### Aim of the task:
Copy each line of the listing below exactly and drop the images.

### Data excerpt:
-------------------------

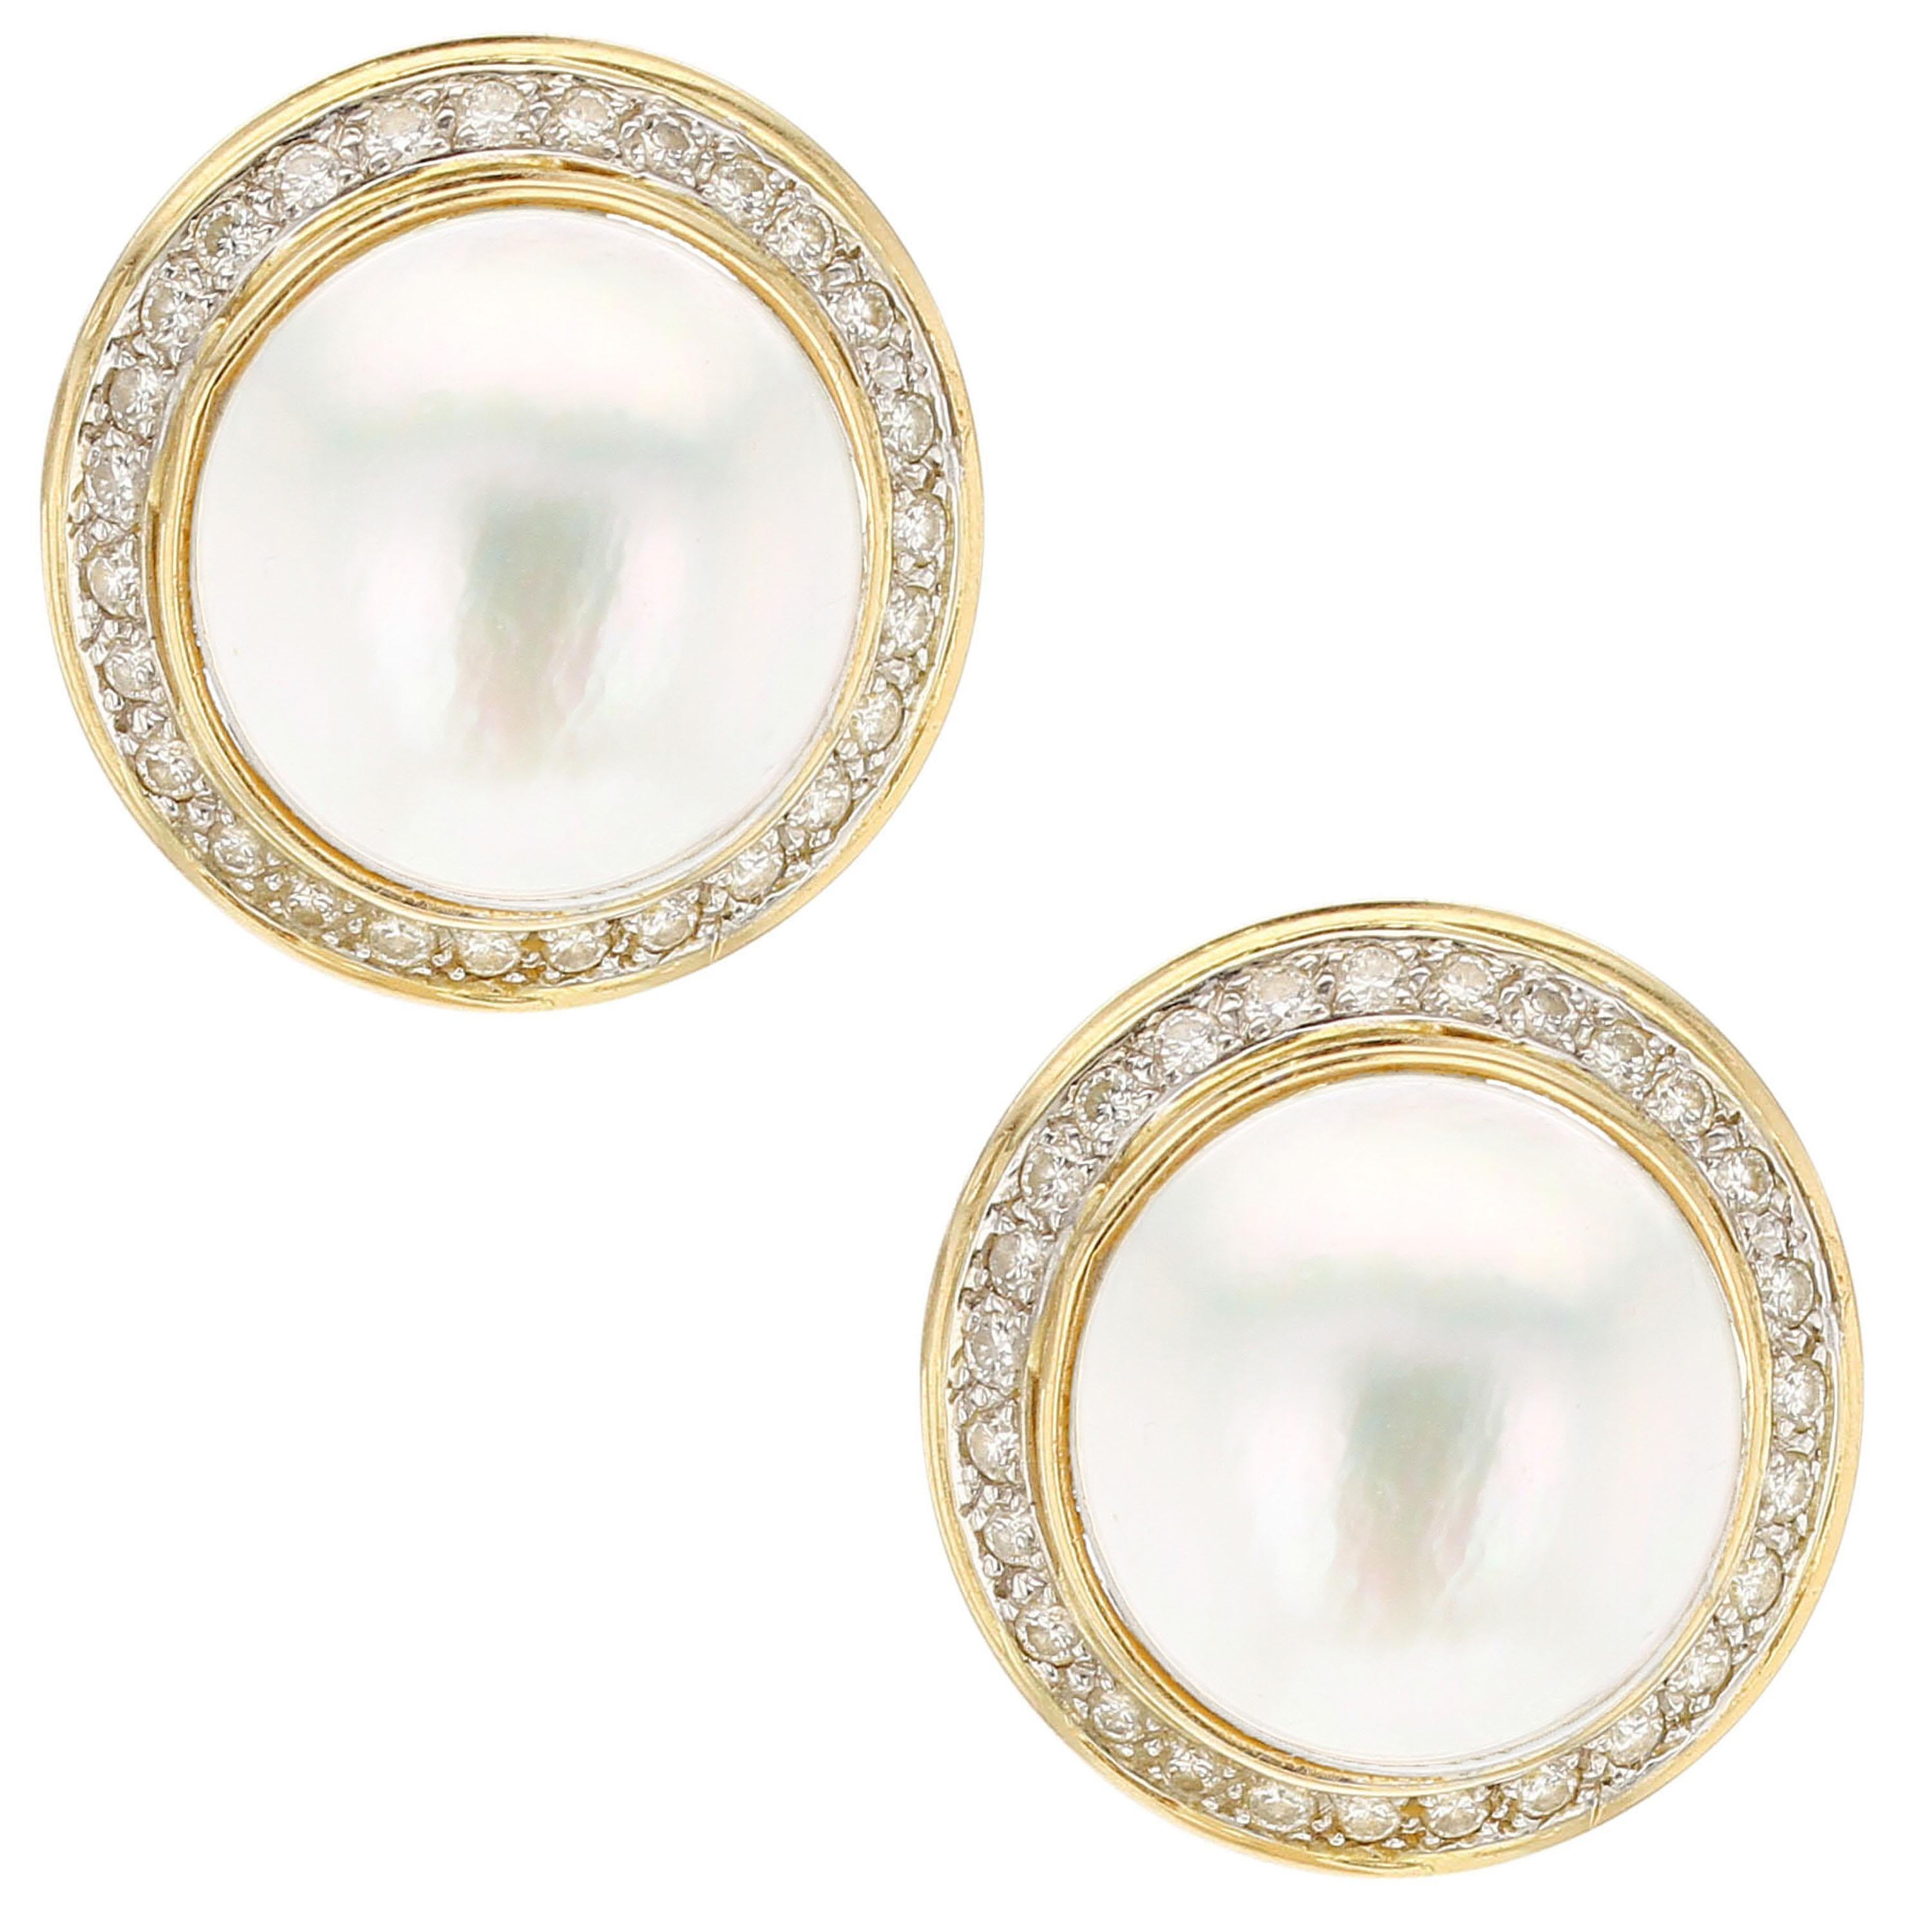 A 16.40 MM White Mabe Pearl Pair of Earrings, each wrapped with a circle of 26 round brilliant-cut diamonds in 14K Yellow Gold. Pierced clip backs. Earring Length: 0.80”
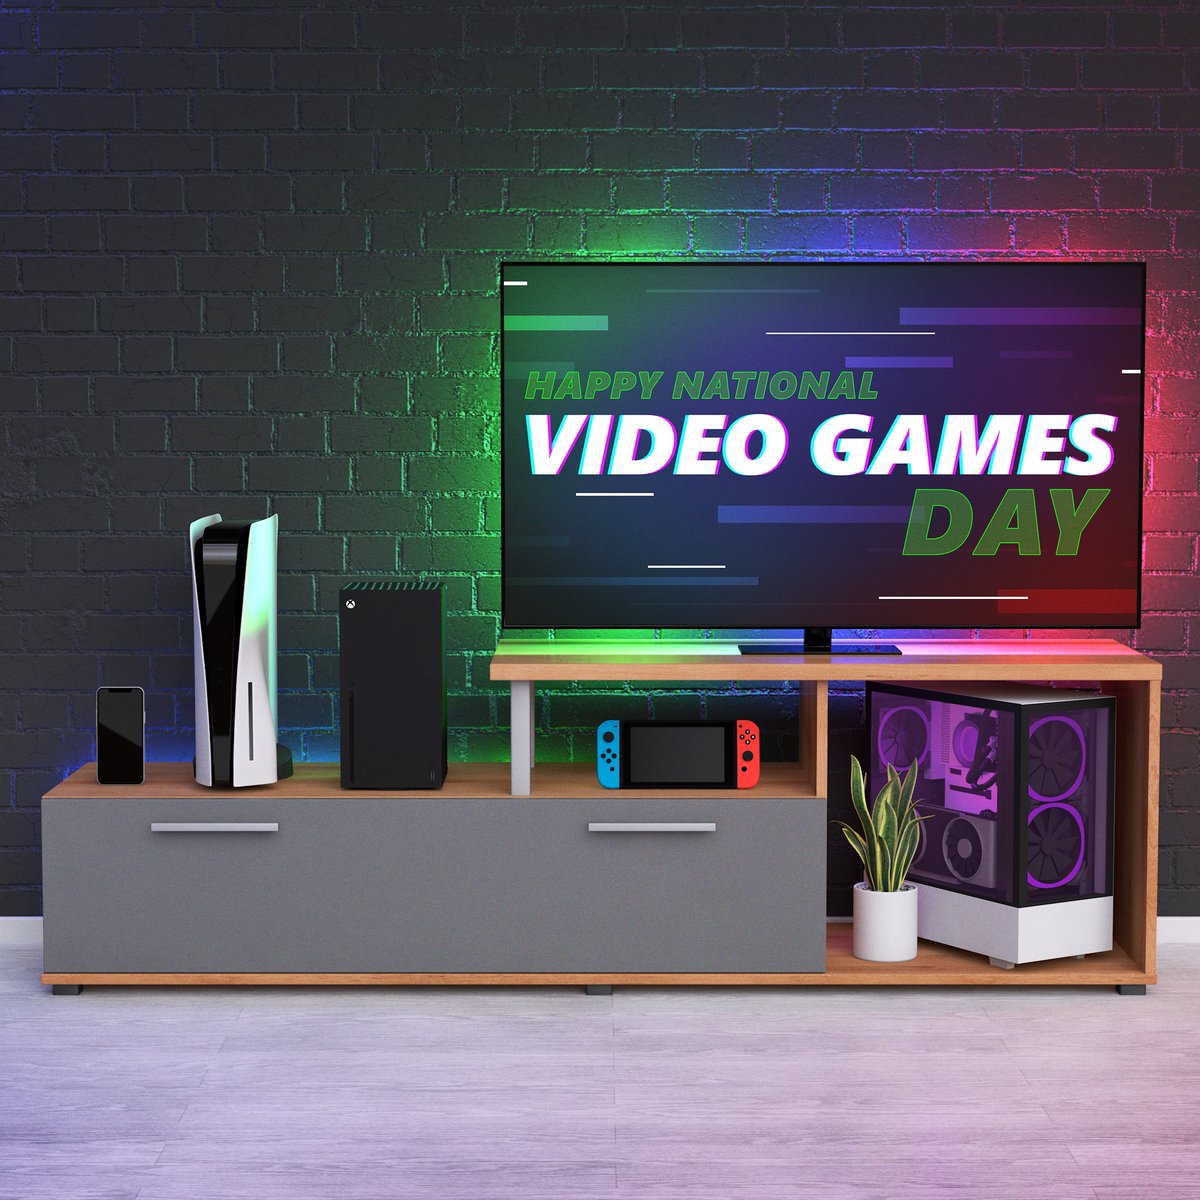 RT @Xbox: The best setups make room for everyone @Nintendo  @PlayStation #NationalVideoGamesDay https://t.co/g1mrl1eNY9
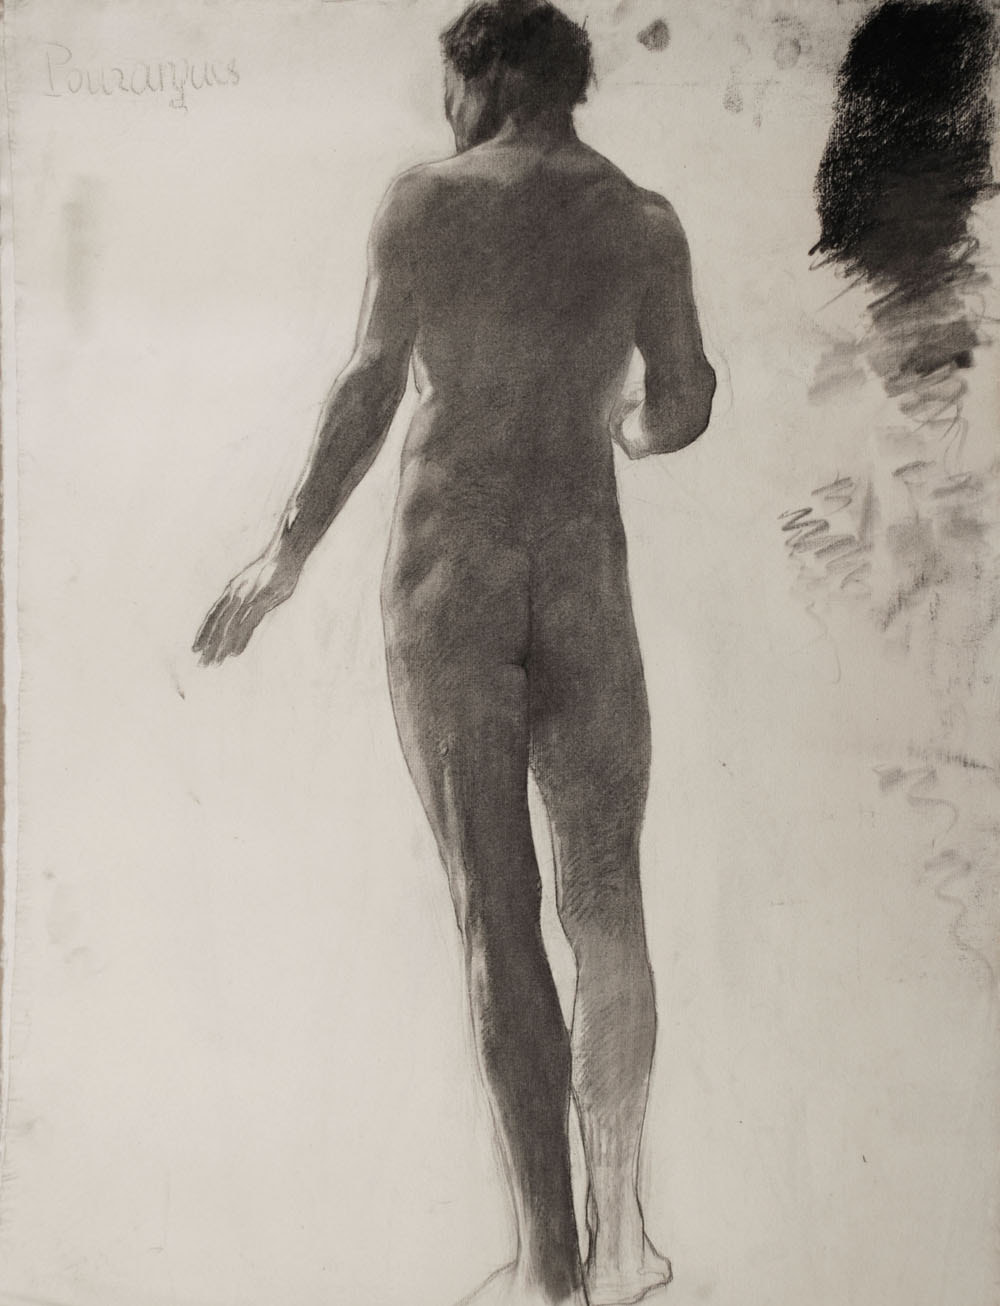 Lucien-Paul Pouzargues drawing nude from behind

-------------------------

### Task output:
 A 16.40 MM White Mabe Pearl Pair of Earrings, each wrapped with a circle of 26 round brilliant-cut diamonds in 14K Yellow Gold. Pierced clip backs. Earring Length: 0.80”
 RT @Xbox: The best setups make room for everyone @Nintendo  @PlayStation #NationalVideoGamesDay https://t.co/g1mrl1eNY9
 Lucien-Paul Pouzargues drawing nude from behind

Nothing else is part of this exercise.